REQUIREMENT: Every line below should be set down exactly as it appears.

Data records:
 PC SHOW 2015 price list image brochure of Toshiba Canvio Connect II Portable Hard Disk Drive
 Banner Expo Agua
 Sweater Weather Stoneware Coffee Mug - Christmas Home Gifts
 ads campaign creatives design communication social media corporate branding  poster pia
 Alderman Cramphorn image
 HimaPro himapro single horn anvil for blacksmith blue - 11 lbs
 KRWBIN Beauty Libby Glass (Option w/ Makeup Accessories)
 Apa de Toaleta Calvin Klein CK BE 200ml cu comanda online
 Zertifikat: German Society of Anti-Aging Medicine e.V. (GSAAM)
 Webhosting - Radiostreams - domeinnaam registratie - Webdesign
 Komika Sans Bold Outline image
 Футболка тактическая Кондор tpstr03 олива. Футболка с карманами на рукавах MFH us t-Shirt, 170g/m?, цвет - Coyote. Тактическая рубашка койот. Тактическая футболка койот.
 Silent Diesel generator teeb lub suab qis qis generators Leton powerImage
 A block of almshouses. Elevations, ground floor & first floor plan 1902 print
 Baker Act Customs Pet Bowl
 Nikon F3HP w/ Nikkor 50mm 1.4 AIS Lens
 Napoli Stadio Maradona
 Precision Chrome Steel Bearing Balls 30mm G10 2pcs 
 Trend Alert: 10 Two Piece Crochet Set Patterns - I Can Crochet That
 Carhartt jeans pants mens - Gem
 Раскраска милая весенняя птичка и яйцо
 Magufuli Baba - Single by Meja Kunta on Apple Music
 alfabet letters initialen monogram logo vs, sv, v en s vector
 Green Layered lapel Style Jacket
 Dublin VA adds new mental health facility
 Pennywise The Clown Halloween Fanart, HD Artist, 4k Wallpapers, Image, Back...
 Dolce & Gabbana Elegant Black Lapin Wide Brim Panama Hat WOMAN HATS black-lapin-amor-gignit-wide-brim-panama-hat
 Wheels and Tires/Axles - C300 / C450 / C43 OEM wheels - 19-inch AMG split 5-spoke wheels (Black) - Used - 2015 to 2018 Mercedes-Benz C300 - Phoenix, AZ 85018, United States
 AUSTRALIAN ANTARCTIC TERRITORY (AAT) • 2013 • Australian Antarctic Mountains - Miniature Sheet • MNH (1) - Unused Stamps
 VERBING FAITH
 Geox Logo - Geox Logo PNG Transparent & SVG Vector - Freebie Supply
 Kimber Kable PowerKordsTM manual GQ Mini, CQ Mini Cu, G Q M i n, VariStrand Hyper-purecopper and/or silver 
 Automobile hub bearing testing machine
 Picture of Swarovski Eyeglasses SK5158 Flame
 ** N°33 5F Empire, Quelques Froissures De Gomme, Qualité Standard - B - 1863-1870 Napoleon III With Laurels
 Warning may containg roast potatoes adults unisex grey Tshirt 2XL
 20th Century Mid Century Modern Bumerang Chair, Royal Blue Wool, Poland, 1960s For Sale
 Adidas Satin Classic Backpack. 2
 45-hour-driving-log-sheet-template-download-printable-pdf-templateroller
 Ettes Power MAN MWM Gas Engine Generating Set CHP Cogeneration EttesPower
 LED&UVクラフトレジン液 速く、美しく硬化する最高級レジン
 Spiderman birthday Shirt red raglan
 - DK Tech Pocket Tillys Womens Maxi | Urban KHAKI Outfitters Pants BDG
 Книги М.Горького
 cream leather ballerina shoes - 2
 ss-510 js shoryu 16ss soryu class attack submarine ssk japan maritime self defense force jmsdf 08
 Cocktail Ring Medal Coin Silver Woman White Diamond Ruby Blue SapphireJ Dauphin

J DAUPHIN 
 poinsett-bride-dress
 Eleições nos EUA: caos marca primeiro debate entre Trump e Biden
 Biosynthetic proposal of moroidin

SOLUTION BELOW:
 PC SHOW 2015 price list image brochure of Toshiba Canvio Connect II Portable Hard Disk Drive
 Banner Expo Agua
 Sweater Weather Stoneware Coffee Mug - Christmas Home Gifts
 ads campaign creatives design communication social media corporate branding  poster pia
 Alderman Cramphorn image
 HimaPro himapro single horn anvil for blacksmith blue - 11 lbs
 KRWBIN Beauty Libby Glass (Option w/ Makeup Accessories)
 Apa de Toaleta Calvin Klein CK BE 200ml cu comanda online
 Zertifikat: German Society of Anti-Aging Medicine e.V. (GSAAM)
 Webhosting - Radiostreams - domeinnaam registratie - Webdesign
 Komika Sans Bold Outline image
 Футболка тактическая Кондор tpstr03 олива. Футболка с карманами на рукавах MFH us t-Shirt, 170g/m?, цвет - Coyote. Тактическая рубашка койот. Тактическая футболка койот.
 Silent Diesel generator teeb lub suab qis qis generators Leton powerImage
 A block of almshouses. Elevations, ground floor & first floor plan 1902 print
 Baker Act Customs Pet Bowl
 Nikon F3HP w/ Nikkor 50mm 1.4 AIS Lens
 Napoli Stadio Maradona
 Precision Chrome Steel Bearing Balls 30mm G10 2pcs 
 Trend Alert: 10 Two Piece Crochet Set Patterns - I Can Crochet That
 Carhartt jeans pants mens - Gem
 Раскраска милая весенняя птичка и яйцо
 Magufuli Baba - Single by Meja Kunta on Apple Music
 alfabet letters initialen monogram logo vs, sv, v en s vector
 Green Layered lapel Style Jacket
 Dublin VA adds new mental health facility
 Pennywise The Clown Halloween Fanart, HD Artist, 4k Wallpapers, Image, Back...
 Dolce & Gabbana Elegant Black Lapin Wide Brim Panama Hat WOMAN HATS black-lapin-amor-gignit-wide-brim-panama-hat
 Wheels and Tires/Axles - C300 / C450 / C43 OEM wheels - 19-inch AMG split 5-spoke wheels (Black) - Used - 2015 to 2018 Mercedes-Benz C300 - Phoenix, AZ 85018, United States
 AUSTRALIAN ANTARCTIC TERRITORY (AAT) • 2013 • Australian Antarctic Mountains - Miniature Sheet • MNH (1) - Unused Stamps
 VERBING FAITH
 Geox Logo - Geox Logo PNG Transparent & SVG Vector - Freebie Supply
 Kimber Kable PowerKordsTM manual GQ Mini, CQ Mini Cu, G Q M i n, VariStrand Hyper-purecopper and/or silver 
 Automobile hub bearing testing machine
 Picture of Swarovski Eyeglasses SK5158 Flame
 ** N°33 5F Empire, Quelques Froissures De Gomme, Qualité Standard - B - 1863-1870 Napoleon III With Laurels
 Warning may containg roast potatoes adults unisex grey Tshirt 2XL
 20th Century Mid Century Modern Bumerang Chair, Royal Blue Wool, Poland, 1960s For Sale
 Adidas Satin Classic Backpack. 2
 45-hour-driving-log-sheet-template-download-printable-pdf-templateroller
 Ettes Power MAN MWM Gas Engine Generating Set CHP Cogeneration EttesPower
 LED&UVクラフトレジン液 速く、美しく硬化する最高級レジン
 Spiderman birthday Shirt red raglan
 - DK Tech Pocket Tillys Womens Maxi | Urban KHAKI Outfitters Pants BDG
 Книги М.Горького
 cream leather ballerina shoes - 2
 ss-510 js shoryu 16ss soryu class attack submarine ssk japan maritime self defense force jmsdf 08
 Cocktail Ring Medal Coin Silver Woman White Diamond Ruby Blue SapphireJ Dauphin

J DAUPHIN 
 poinsett-bride-dress
 Eleições nos EUA: caos marca primeiro debate entre Trump e Biden
 Biosynthetic proposal of moroidin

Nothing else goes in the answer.